One of the places where dask is going to be able to start giving better performance is if you can use parallelism. Is you sampling written in a way where you can take advantage of loading multiple samples in parallel? Are you training in parallel? If neither of these apply, dask is likely only going to add overhead + a nicer API.


But also, we are fairly new to this so are definitely interested to hear from your experiences!

Thank you for your insightful feedback @ivirshup!

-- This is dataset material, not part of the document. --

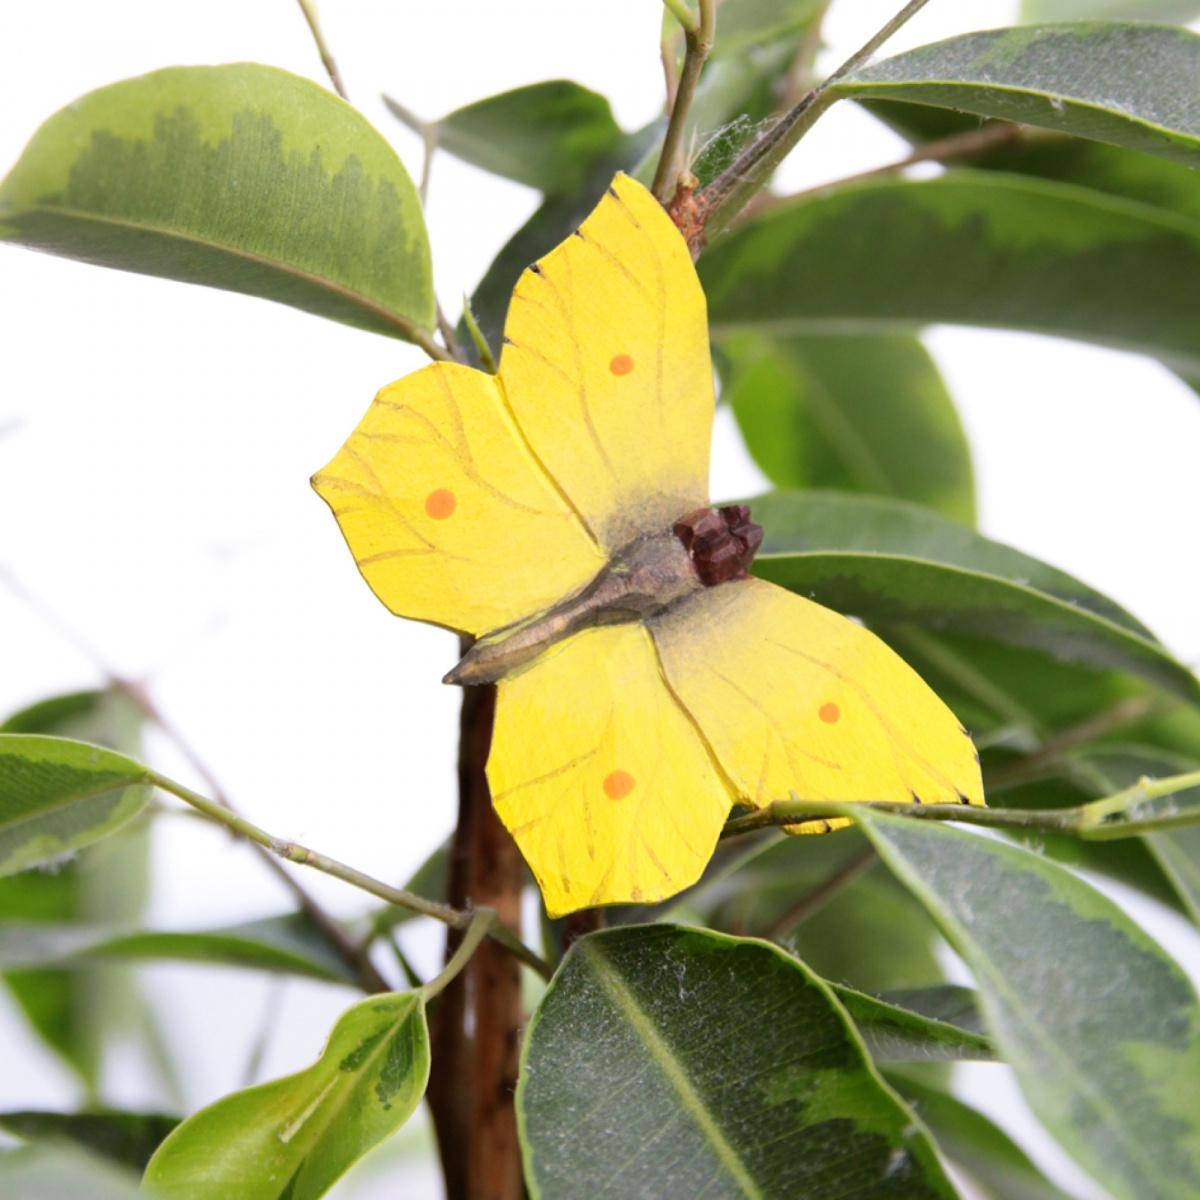 Wildlife Garden sommerfugl - citronsommerfugl

load all cells for each variable or all variables for each cell

How would you do that in practice? Is there an option you can set? Storing as CSC?

Just to understand, is it a different set of obs per var sample, or is it always the same?

# Batch one:
obs = [545, 23, 11, 56, 55, 8, 22]
var = [0:200]

# Batch two:
obs = [94, 924, 545, 12, 42, 50, 55]
var = [15200:15400]

Are you training in parallel?

Training is done on several GPUs and each GPU gets a different batch of indices (3 options below).

# option 1:
# Batch one GPU one:
obs = [545, 23, 11, 56, 55, 8, 22]
var = [0:200]

# Batch one GPU two:
obs = [94, 924, 545, 12, 42, 50, 55]
var = [15200:15400]
# option 2:
# Batch one GPU one:
obs = [545, 23, 11, 56, 55, 8, 22]
var = [0:200]

# Batch one GPU two:
obs = [545, 23, 11, 56, 55, 8, 22]
var = [15200:15400]
# option 3:
# Batch one GPU one:
obs = [545, 23, 11, 56, 55, 8, 22]
var = [0:200]

# Batch one GPU two:
obs = [94, 924, 545, 12, 42, 50, 55]
var = [0:200]

Are multiple GPUs (ddp, separate process per GPU) going to be a problem for using "SparseDataset class onto of uncompressed hdf5"?